A pilot with strong technical SA and poor self-awareness will consistently overestimate the quality of their own picture. A pilot with good communication skills and low integrity will use them selectively. Professionalism is the substrate on which everything else is built, which is precisely why it is the hardest competency to develop through instruction alone.
Three Connections in Practice
Abstract connections become meaningful when you see them play out in real operational scenarios. Here are three chains drawn directly from the 231 connections in the HPP framework — each showing how a behaviour in one competency activates, enables, or depends on behaviours in others.
What This Means for Development
If the competencies are a system, then developing them as a list is structurally inefficient. Improving your communication in isolation will plateau when the constraint is actually your SA — because without an accurate picture, there is nothing useful to communicate. Improving your SA will plateau when the constraint is workload management — because without spare capacity, SA cannot be sustained.

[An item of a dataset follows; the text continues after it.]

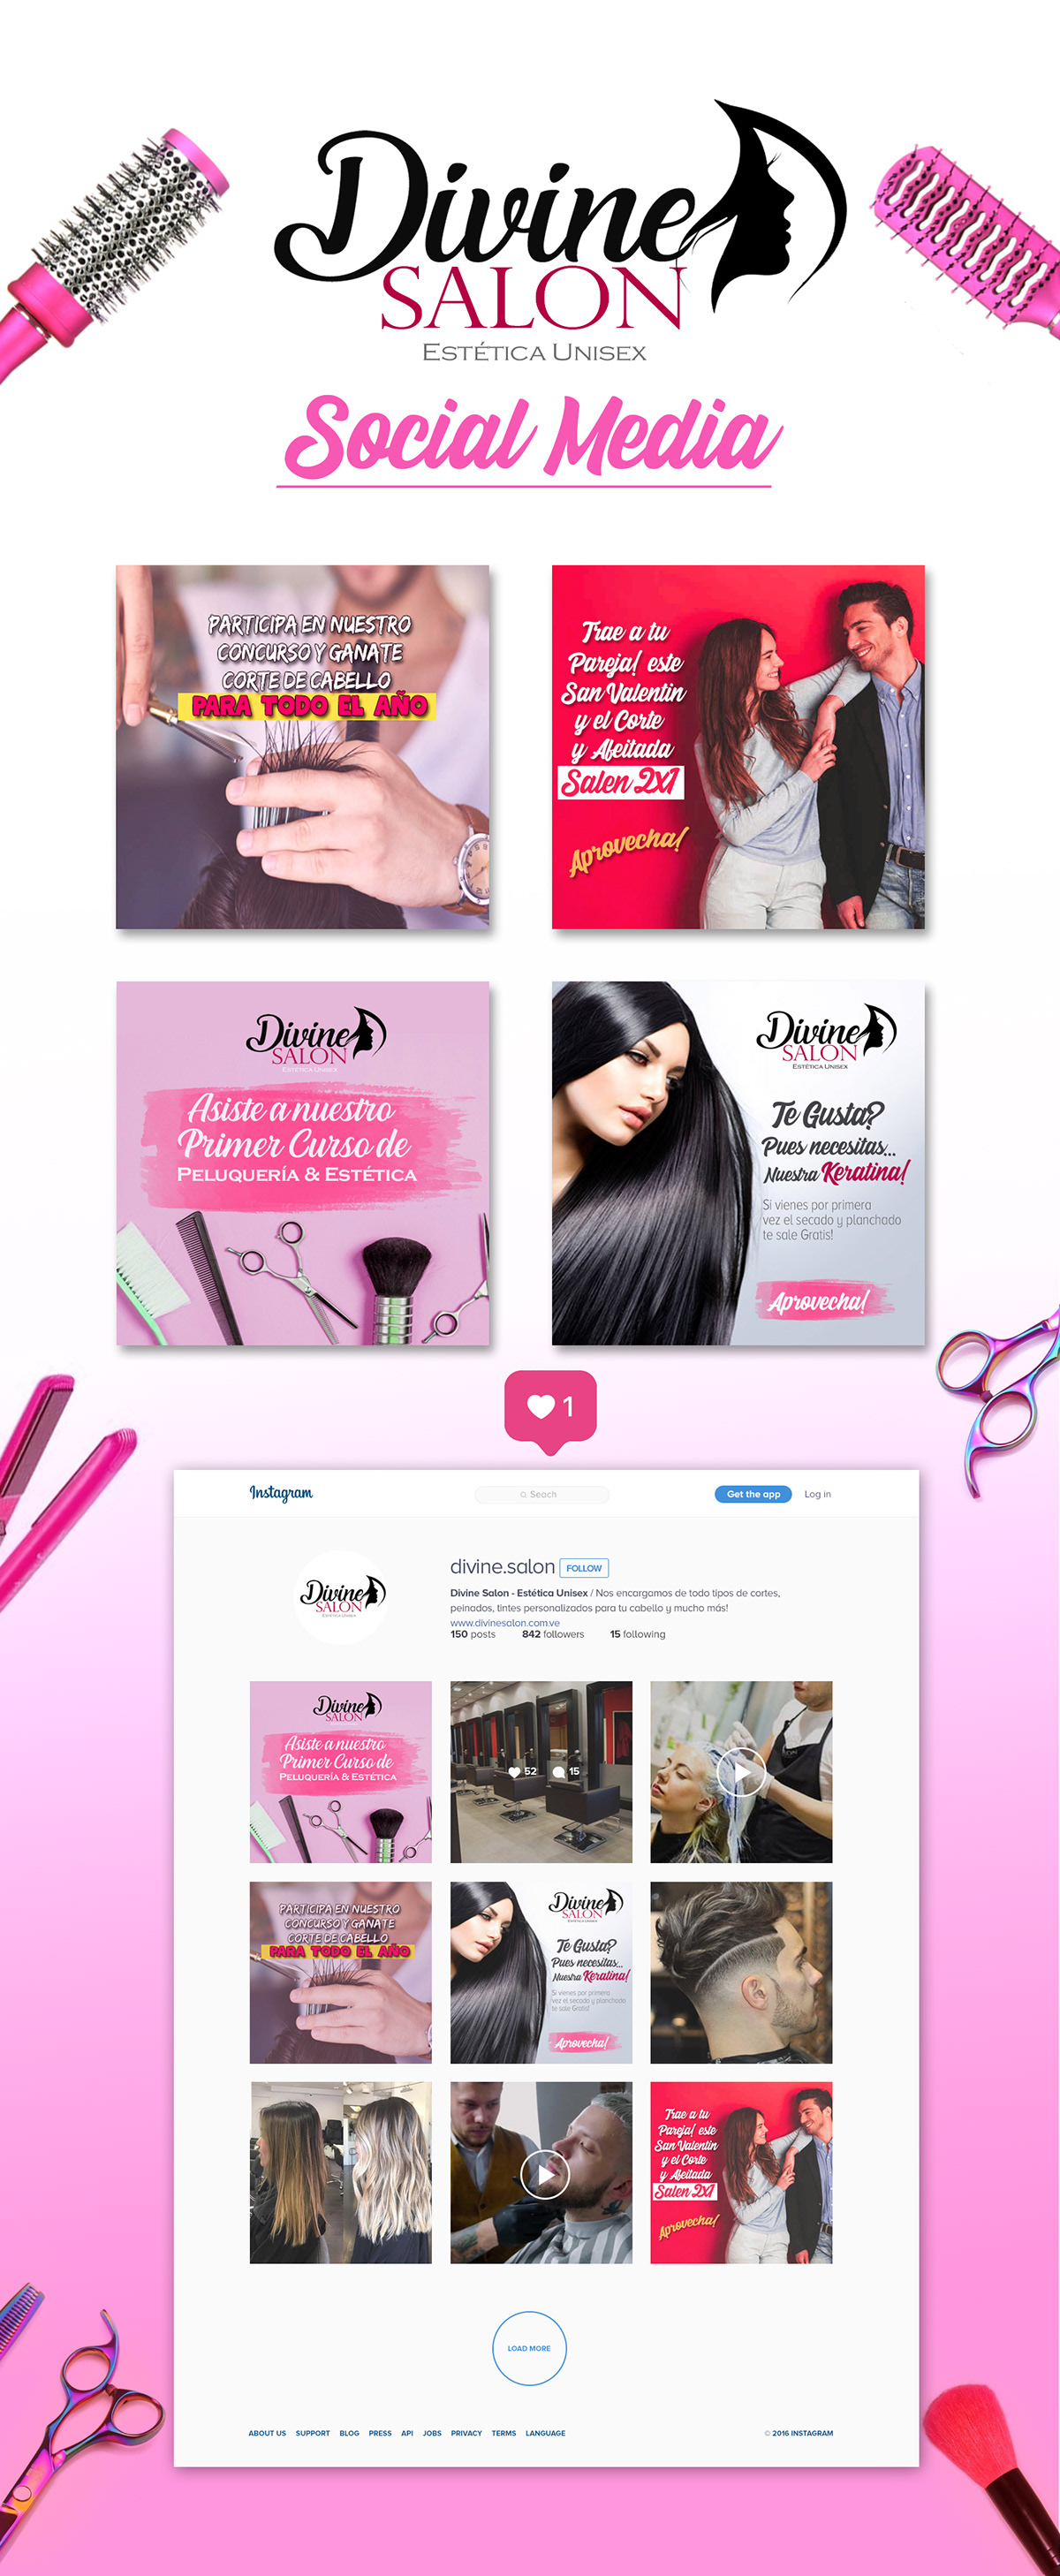 Divine Salon Social Media On Pantone Canvas Gallery

Effective development means practising behaviours at the points where they connect. A briefing practice session that simultaneously works communication clarity, role clarity, and threat identification is building three competencies at once because the behaviours genuinely co-occur. A debrief habit that combines honest self-assessment (Professionalism), error acknowledgement (Leadership), and post-flight review (Decision Making) is not doing three things — it is doing one thing that happens to develop three competencies.
This is the insight behind the Connections feature in the HPP app — the ability to build practice chains across competencies based on the real connections in the framework, rather than developing each competency in the isolation that the list format implies. The 231 connections aren't a theoretical construct. They are the actual dependency map of high performance on the flight deck.
The pilots who develop most rapidly are not those who work hardest on their weakest competency. They are those who understand where their competencies connect — and practise at the junctions.